Requires [numpy](http://www.numpy.org/), [scikit-learn](http://scikit-learn.org/), [pyTorch](http://pytorch.org/), [Rpy2](https://rpy2.readthedocs.io).

[Back to contents](#Contents)

In [9]:
import sys
sys.path.append('../src/')
import copy

import numpy as np
import os
import torch
from torch import nn
from torch.autograd import Variable
from torch.utils.data import DataLoader

import autoencoder as ae

random_state = 150
torch.manual_seed(random_state);


from computational_utils import reshape
import bayesian_networks as bn

from io_work import stringSplitByNumbers

import time
from sklearn.linear_model import LogisticRegression
from sklearn.metrics import accuracy_score, f1_score

from computational_utils import reshape
from sklearn.metrics import confusion_matrix
from sklearn.naive_bayes import GaussianNB


### Build models

Next cell contains script to build autoencoder models relevant to CV indexes supplied by data/cv_indices.npz.
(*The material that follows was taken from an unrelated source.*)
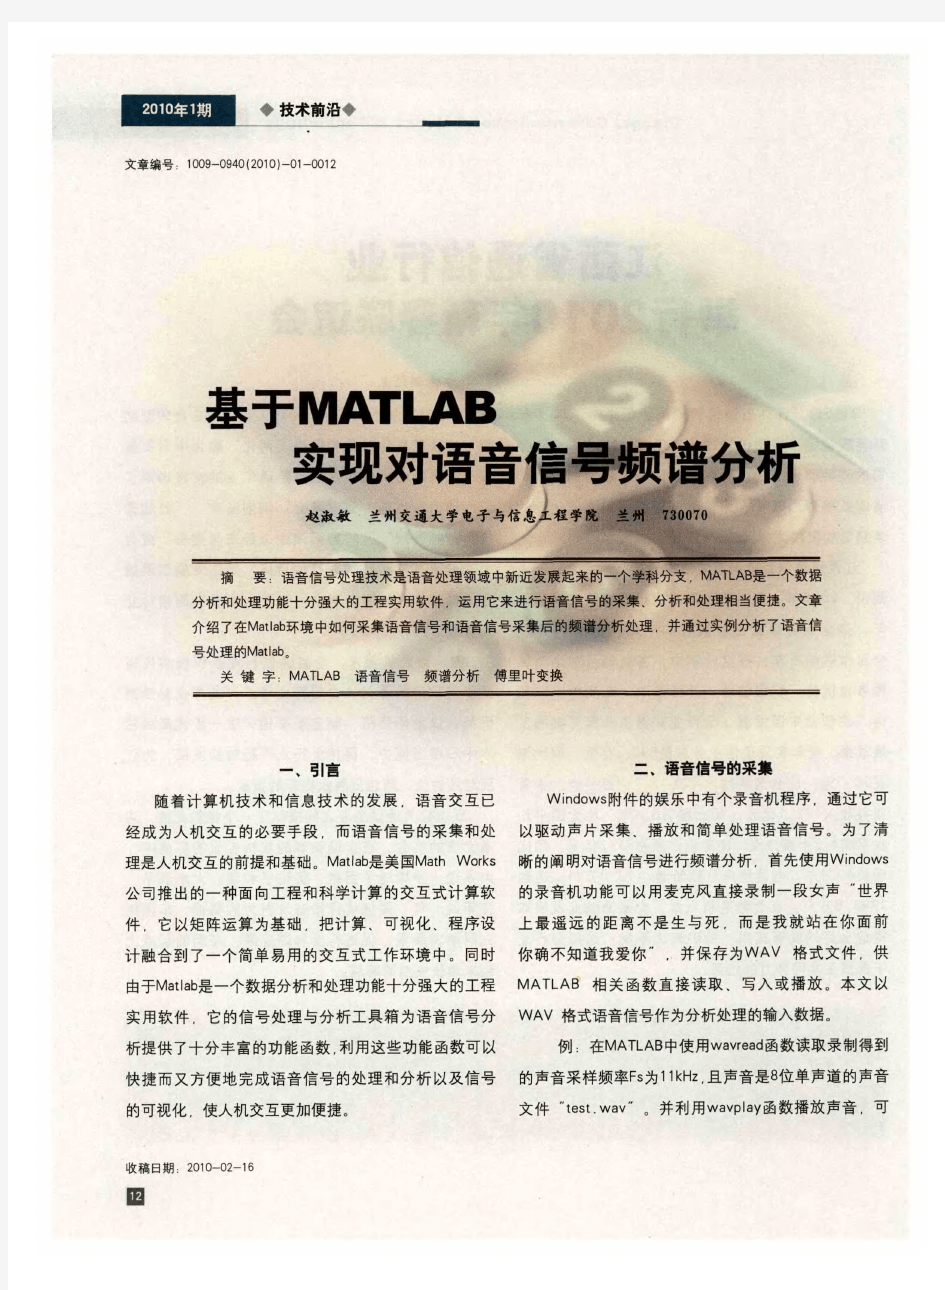 基于MATLAB实现对语音信号频谱分析

Parameters to control are:

- sizes: list of integers which specifies output sizes for each encoding layer
- batch_size: number of samples to be used for computing new update at each epoch
- nEpoch: number of epochs for each layer
- num_workers: number of parallel processes to work

[Back to contents](#Contents)

In [10]:
data_dirname = '../data/'
model_dirname = '../models/autoencoder/'
filename_dataset = 'dataset_parts.npz'
filename_cv = 'cv_indices_parts.npz'

model_filename_prefix = 'parts_model_ae_'

df = np.load(data_dirname+filename_dataset)
T, labels = df['data'], df['label']
# unfold into matrix
T = reshape(T, [T.shape[0], -1])
# normalize among samples
T /= np.linalg.norm(T, axis=1, keepdims=1)
print 'full'
    
sizes = [400, 100, 25]
nEpoch = [1000, 1000, 1000]
batch_size = 200
num_workers = 4

df = np.load(data_dirname+filename_cv)
test_indices, train_indices = df['test_indices'], df['train_indices']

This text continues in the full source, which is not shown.